## What to do
The following data needs to be repeated exactly, with all images excluded.
── Data in this exercise
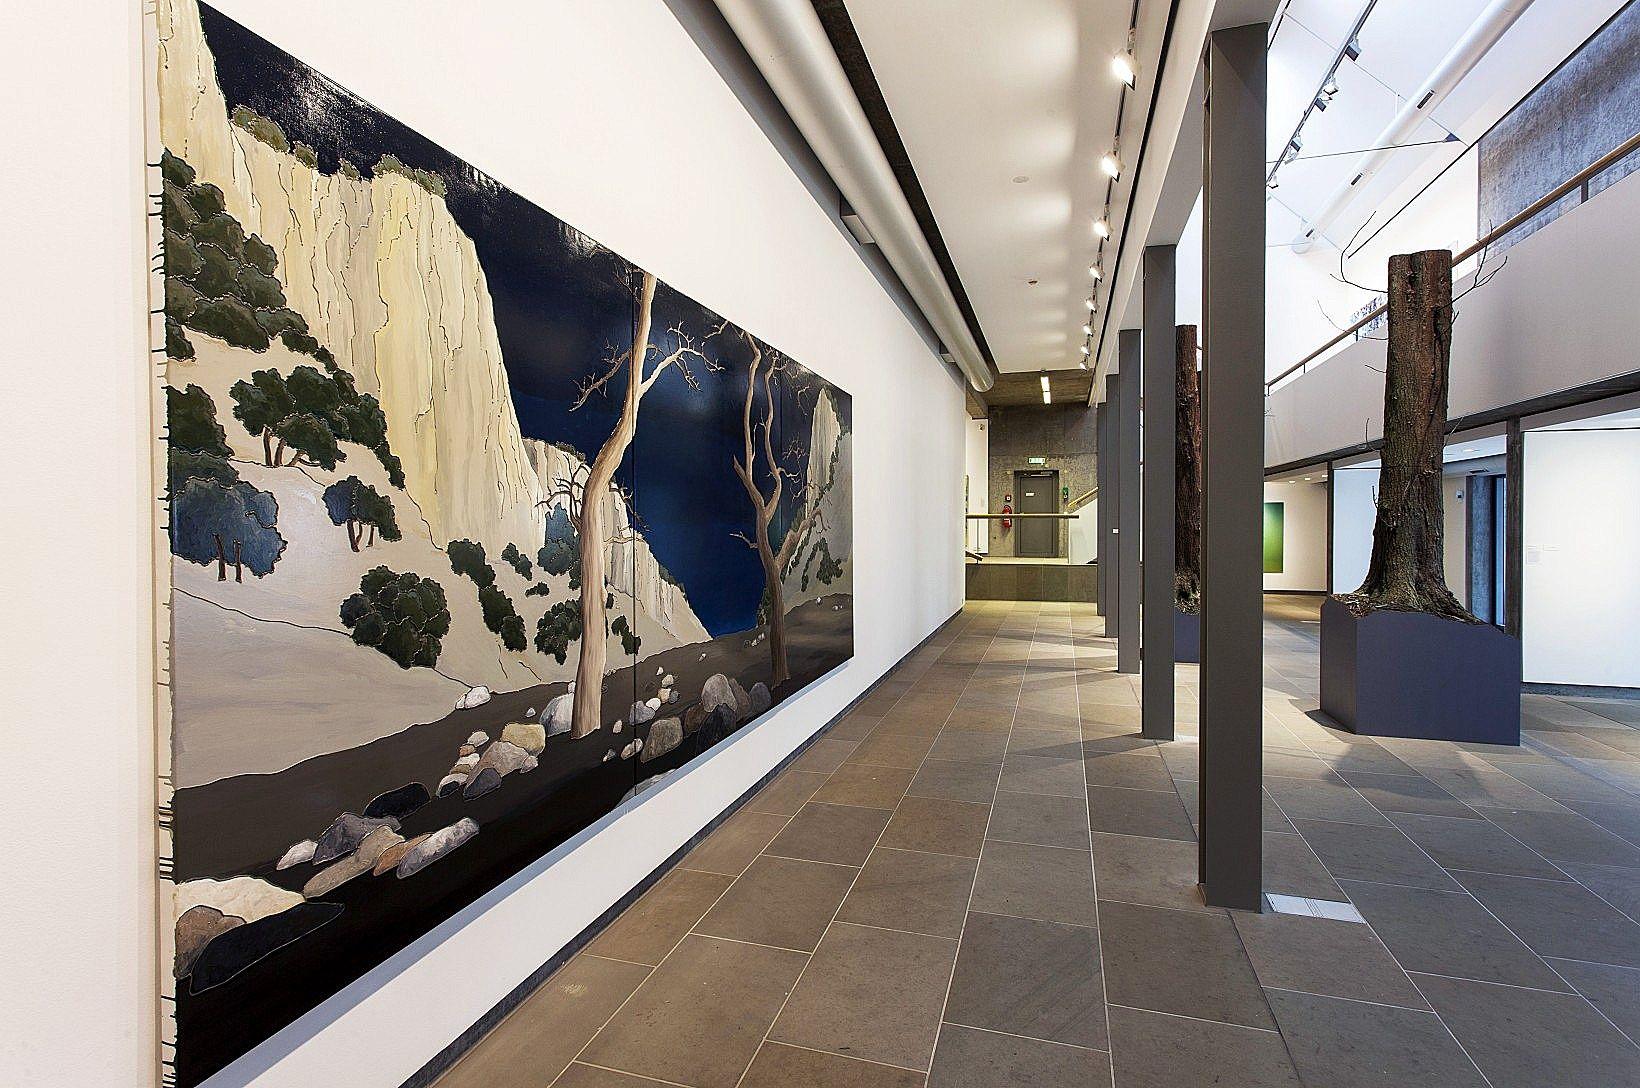 Discovering light - Culture - Municipal Gallery Bietigheim-Bissingen
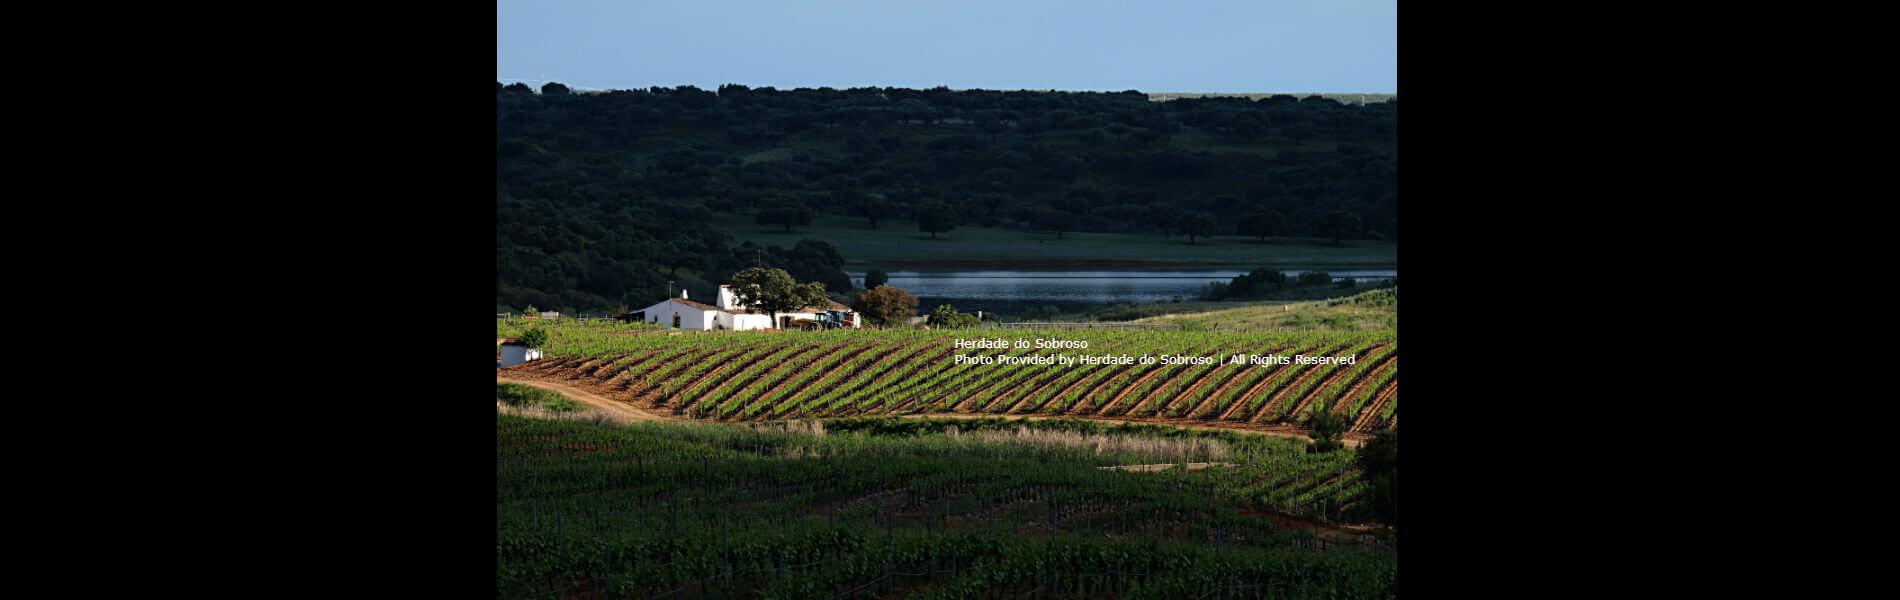 blend-all-about-wine-herdade-sobroso-herdade-slider
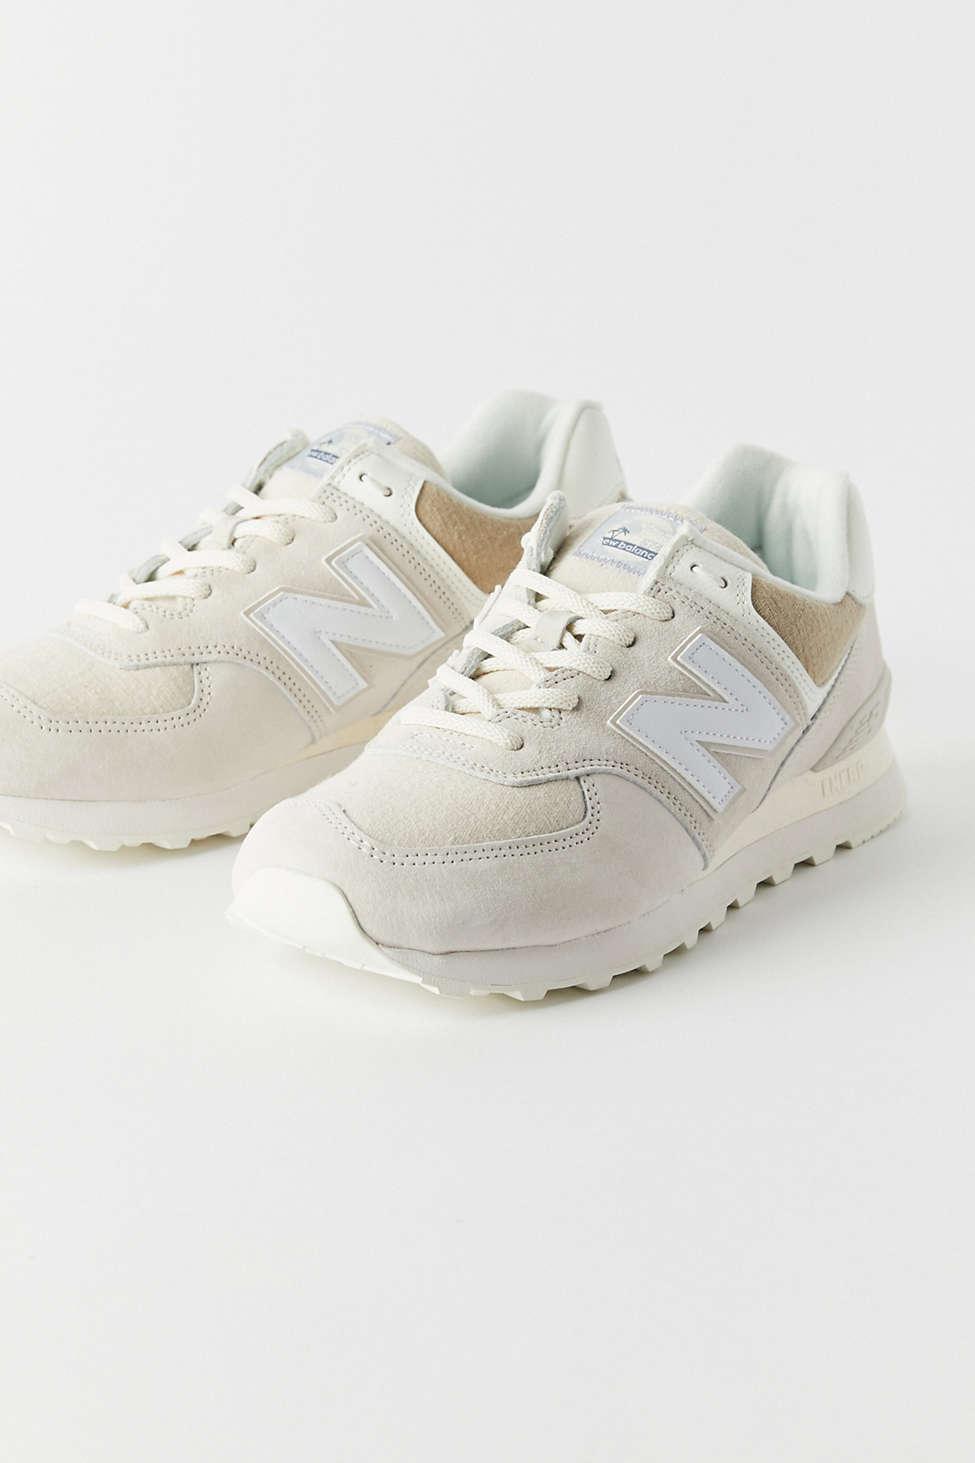 New Balance Suede 574 Summer Beach Sneaker in Grey (White) - Lyst
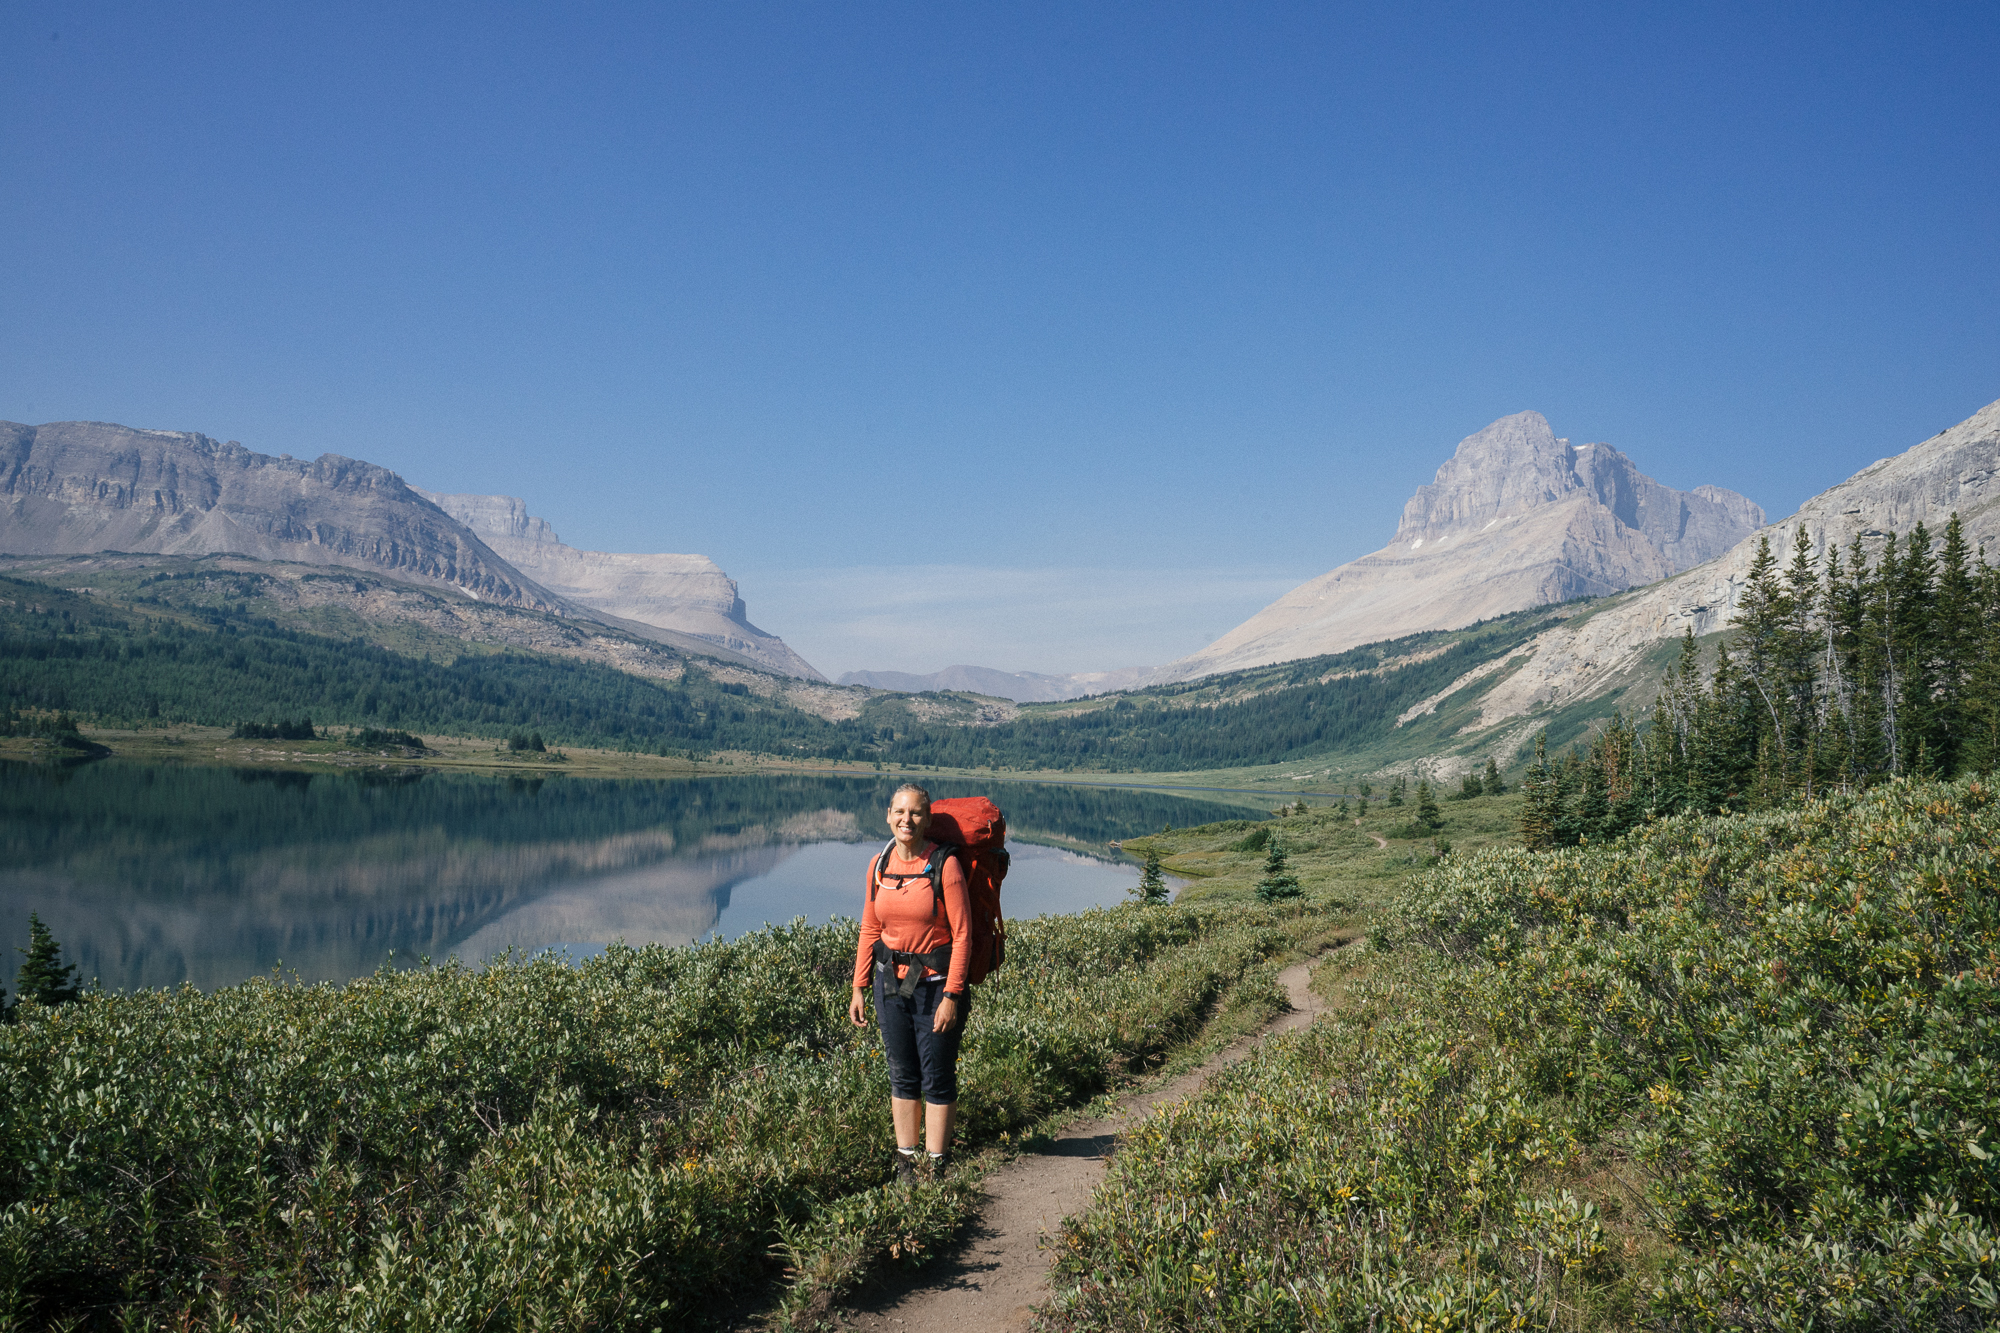 Banff-03594.jpg
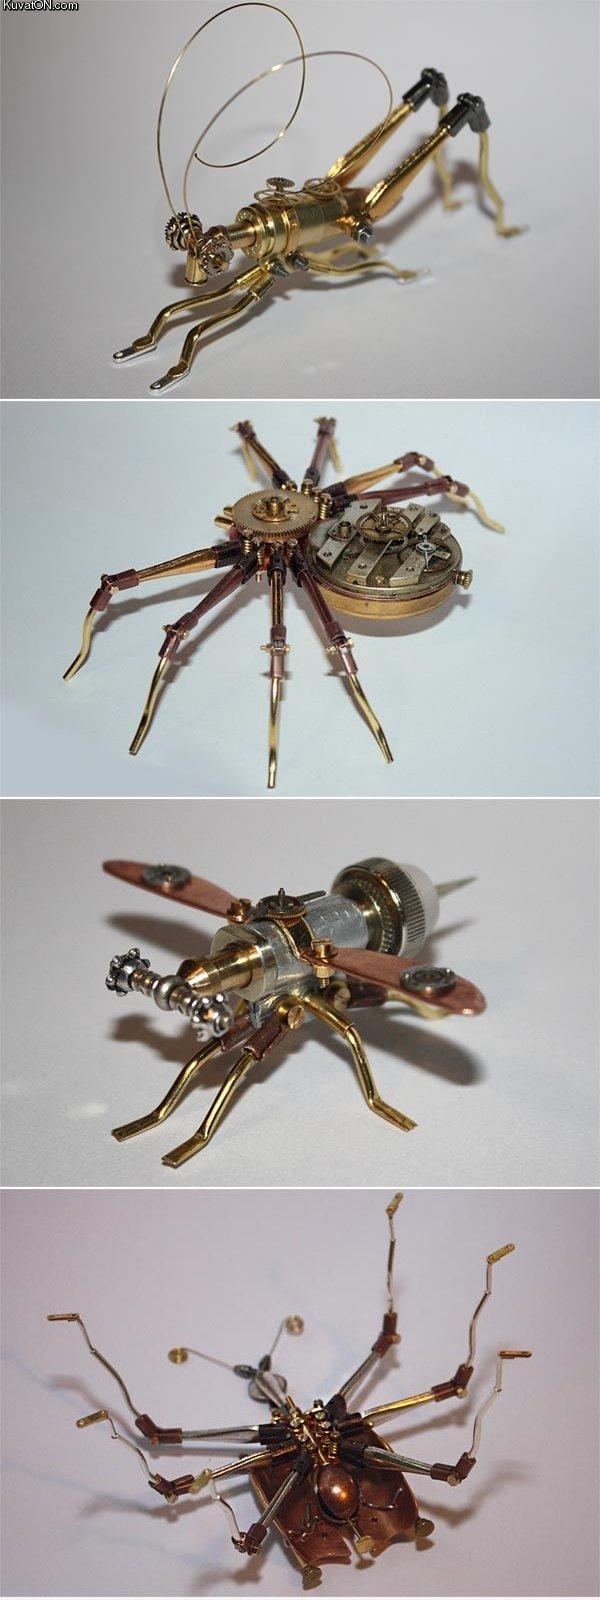 steampunk_bugs.jpg
────
## Response for this exercise
 Discovering light - Culture - Municipal Gallery Bietigheim-Bissingen
 blend-all-about-wine-herdade-sobroso-herdade-slider
 New Balance Suede 574 Summer Beach Sneaker in Grey (White) - Lyst
 Banff-03594.jpg
 steampunk_bugs.jpg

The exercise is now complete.